Collected data
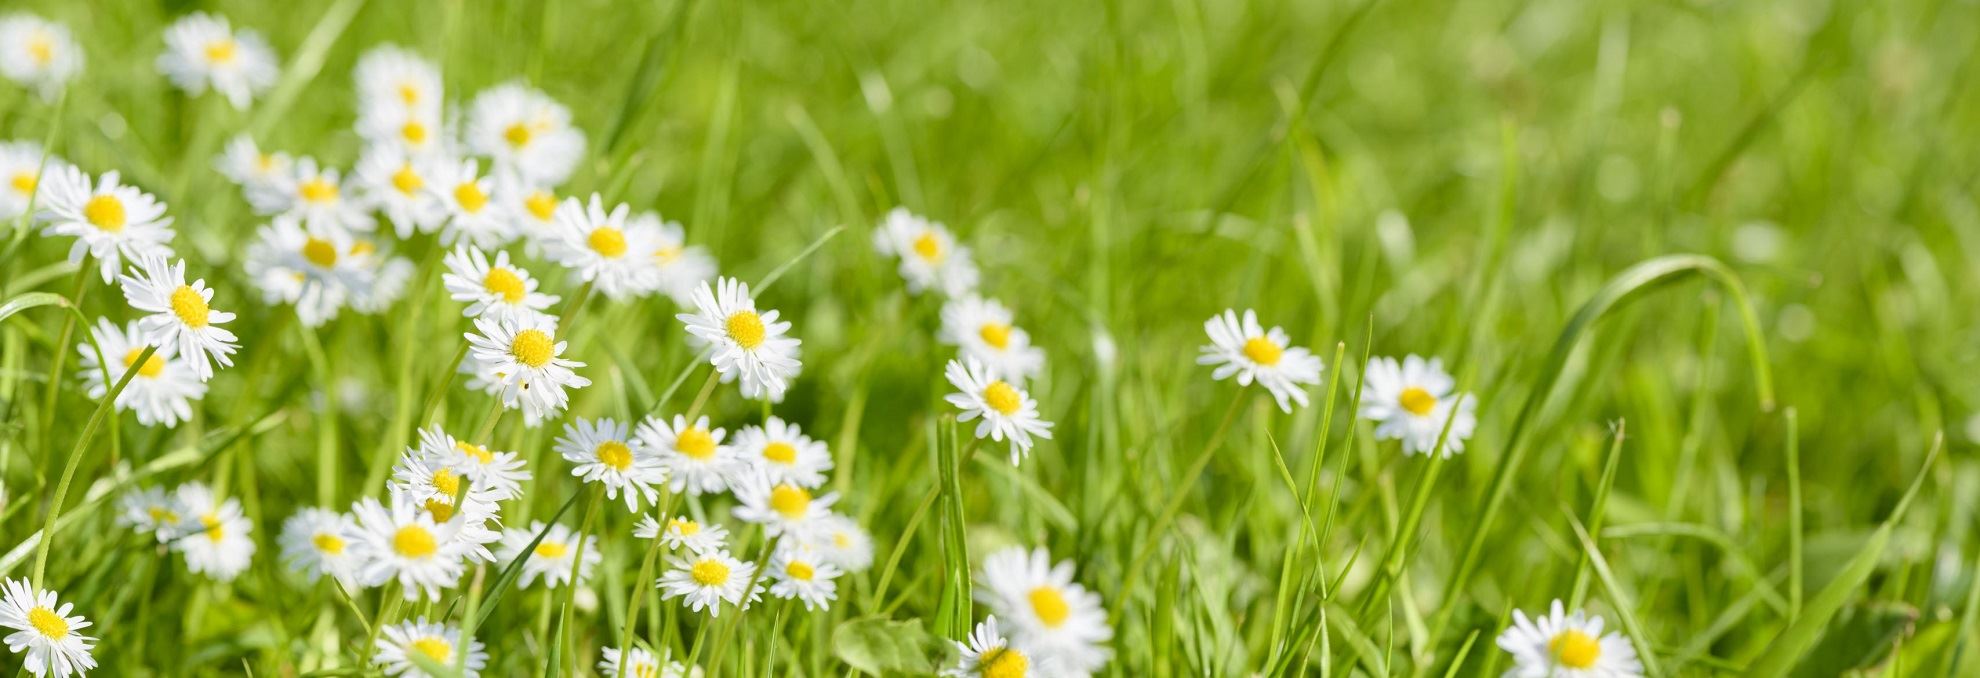 Close up of white flowers in a green field
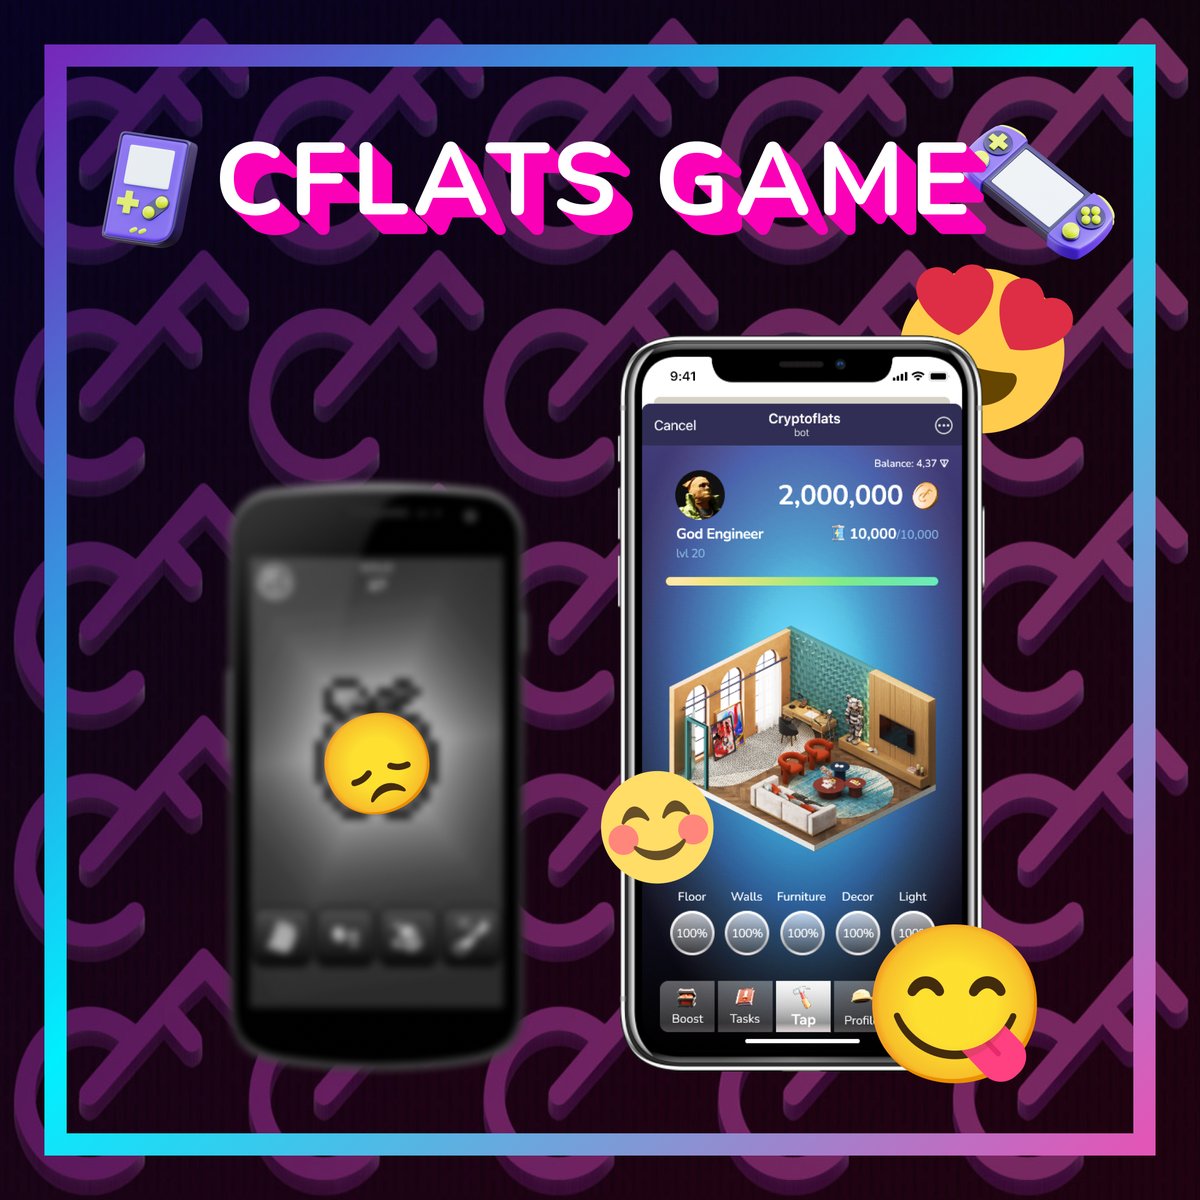 😴 Why settle for boring P2E games when you can join the exciting world of real estate investing with Cryptoflats?

 Our platform offers a unique and engaging gaming experience. 

#Cryptoflats #P2E #RealEstateInvesting
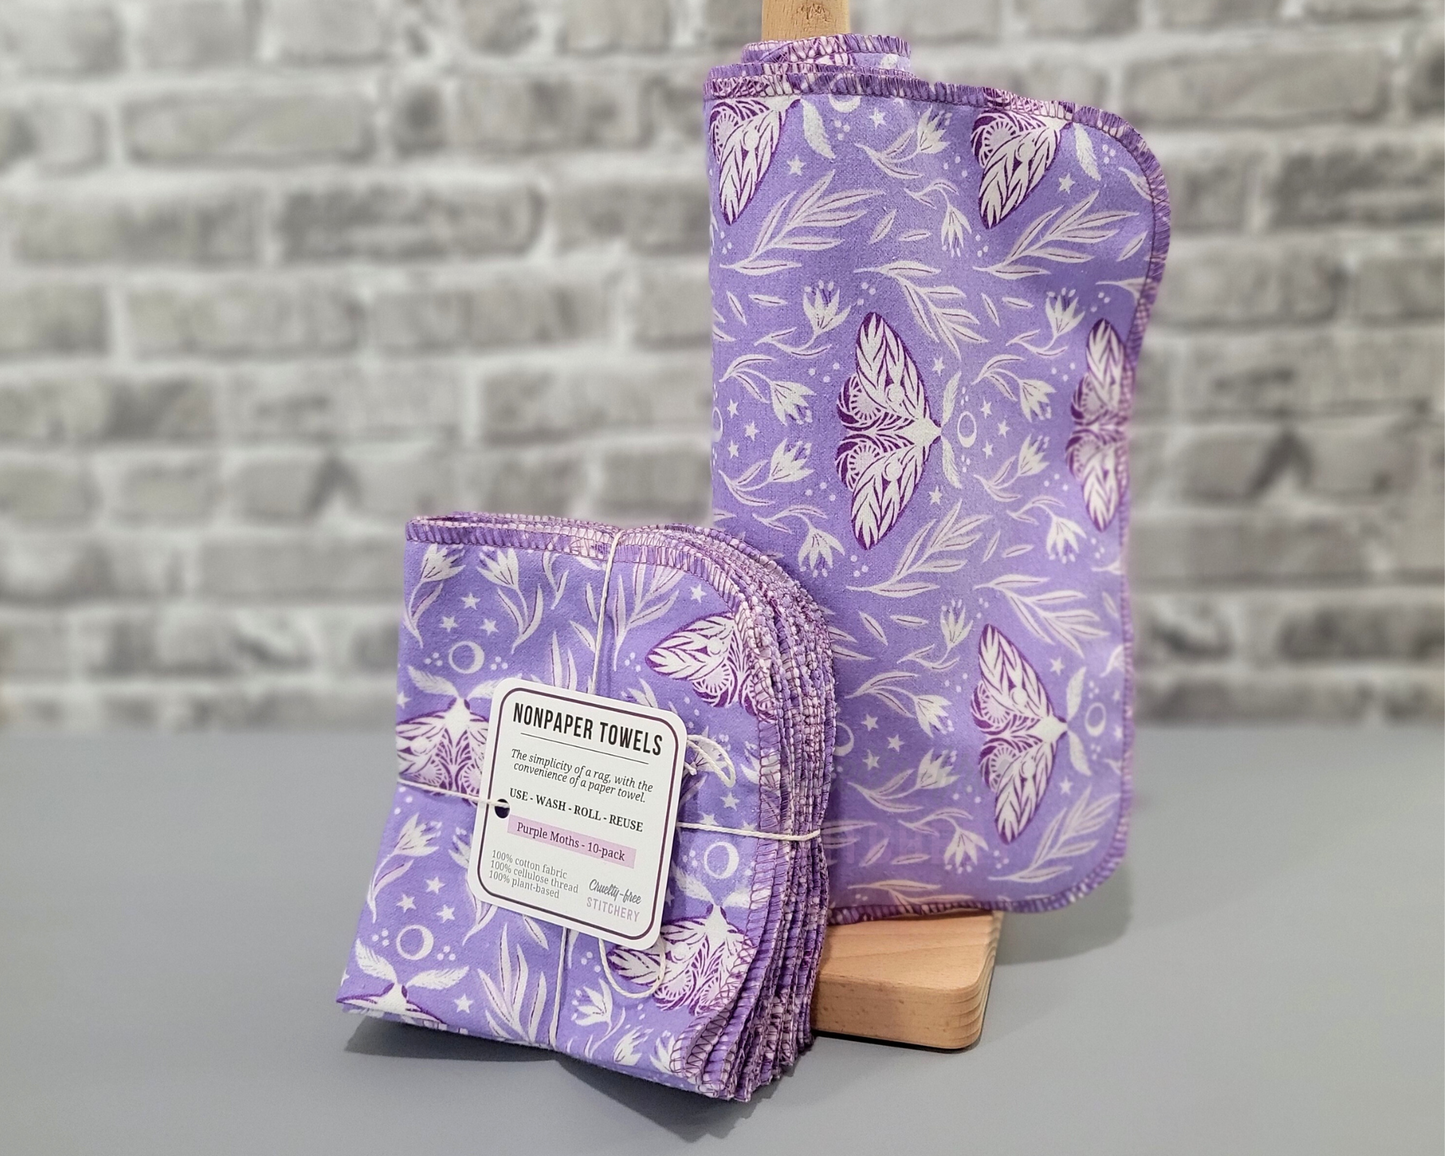 Purple Moths NonPaper Towels. A roll of light purple cloths with darker purple moths and ethereal floral design, next to a bundled pack.

• _PROMPT_: Write out all the records again, exactly, minus any pictures.

• _ANSWER TO THIS PROBLEM_:
 Close up of white flowers in a green field
 😴 Why settle for boring P2E games when you can join the exciting world of real estate investing with Cryptoflats?

 Our platform offers a unique and engaging gaming experience. 

#Cryptoflats #P2E #RealEstateInvesting
 Purple Moths NonPaper Towels. A roll of light purple cloths with darker purple moths and ethereal floral design, next to a bundled pack.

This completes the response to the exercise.